M. Saïed tient les juges… à la gorge
L’article 18 du décret stipule que ces trois conseils interviennent dans la carrière des magistrats des trois ordres, à charge de transmettre les propositions au président du CSM provisoire qui les transmet obligatoirement, à son tour, au Président de la République. Et selon l’article 19, ce dernier se réserve le droit de s’opposer à la nomination, ou à la désignation, ou à la promotion, ou à la mutation de tout magistrat sur la base d’un rapport du Premier ministre ou du ministre de la Justice.
L’article 19 stipule aussi que le Président de la République nomme les magistrats appelés à occuper les hautes fonctions par décret sur la base d’une liste de six candidats respectivement proposés par les trois conseils susvisés. Par ailleurs, il peut s’opposer aux candidatures sur la base d’un rapport établi par le Premier ministre ou le ministre de la Justice, rapport qui pourrait être établi, soit dit en passant, à la demanche du locataire du palais de Carthage. La liste des candidatures serait révisée en conséquence.
L’épée de Damoclès réside dans l’article 20 du décret qui donne le droit au Président de la République de demander la révocation de tout magistrat défaillant, toujours sur la base d’un rapport du Premier ministre ou du ministre de la Justice. Le président du CSM provisoire doit immédiatement prendre la décision de sa suspension et décider de sa révocation dans un délai d’un mois. Passé ce délai ce délai c’est le président qui le révoque sur la base d’un rapport du Premier ministre ou du ministre de la Justice.
Au vu des articles 18, 19 et 20, le pouvoir judiciaire est désormais aux mains de l’exécutif et du Président de la République particulièrement. De ce fait, l’article premier du décret devient comme non écrit. M. Saïed tient les juges… à la gorge.
Bonjour vénéré Big Brother !
Après la dissolution de l’Instance nationale de la lutte contre la corruption (Inlucc) et le CSM, ce serait-ce le tour de l’Instance supérieure indépendante pour les élections et de la Haute autorité de la communication audiovisuellle (Haica), de subir le même sort, puis les partis politiques qui ne joueront aucun rôle dans de prochaines élections. Quant à la liberté d’expression, elle serait en sursis. Le rouleau compresseur d’«Al-bina al-qaidi» ou la reconstruction par la base, le projet du président Saïed, est en marche. Régalons-nous…
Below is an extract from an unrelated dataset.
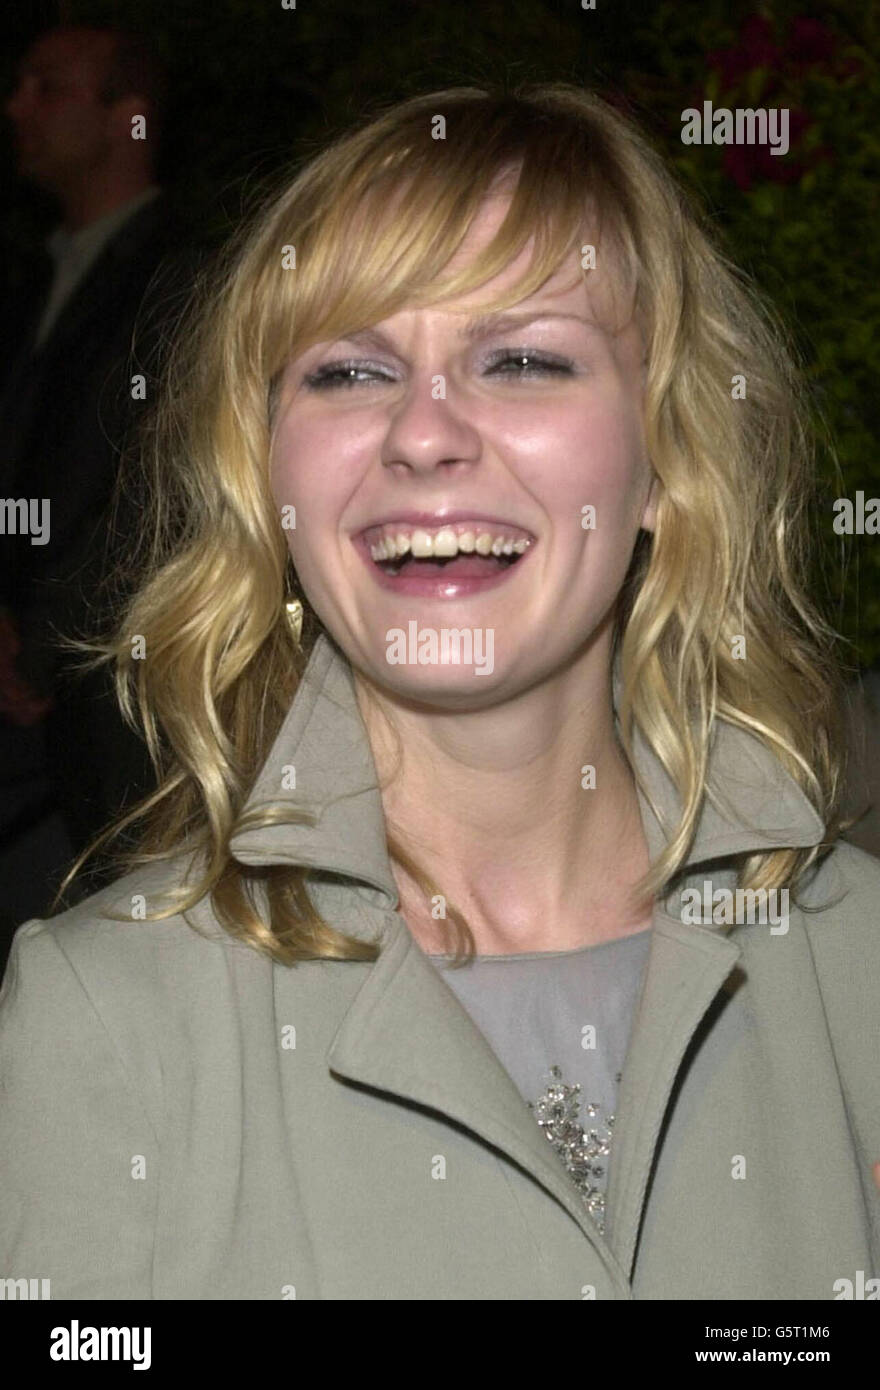 Cats Meow Premiere Kirsten Dunst. Kirsten Dunst arrives to the premiere of Cats Meow at Harmony Gold on Sunset Boulevard in Los Angeles. Stock Photo

La dissolution du CSM serait un pas de plus vers la dictature. M. Saïed l’a bien martelé : il n’y a qu’un seul Etat et l’Etat, on le sait, c’est lui et lui seul. D’ailleurs, c’est l’image qui ressort de la configuration même du conseil des ministres, où les membres du gouvernement ressemblent à des serfs courbés devant leur seigneur. Nulle place donc pour un quelconque organisme qui graviterait hors de l’orbite de l’État Saïedien. Le président tunisien est en passe de ressembler au dictateur décrit par Georges Orwell dans son roman de science-fiction «1984». Bonjour vénéré Big Brother !
* Ancien cadre de la fonction publique.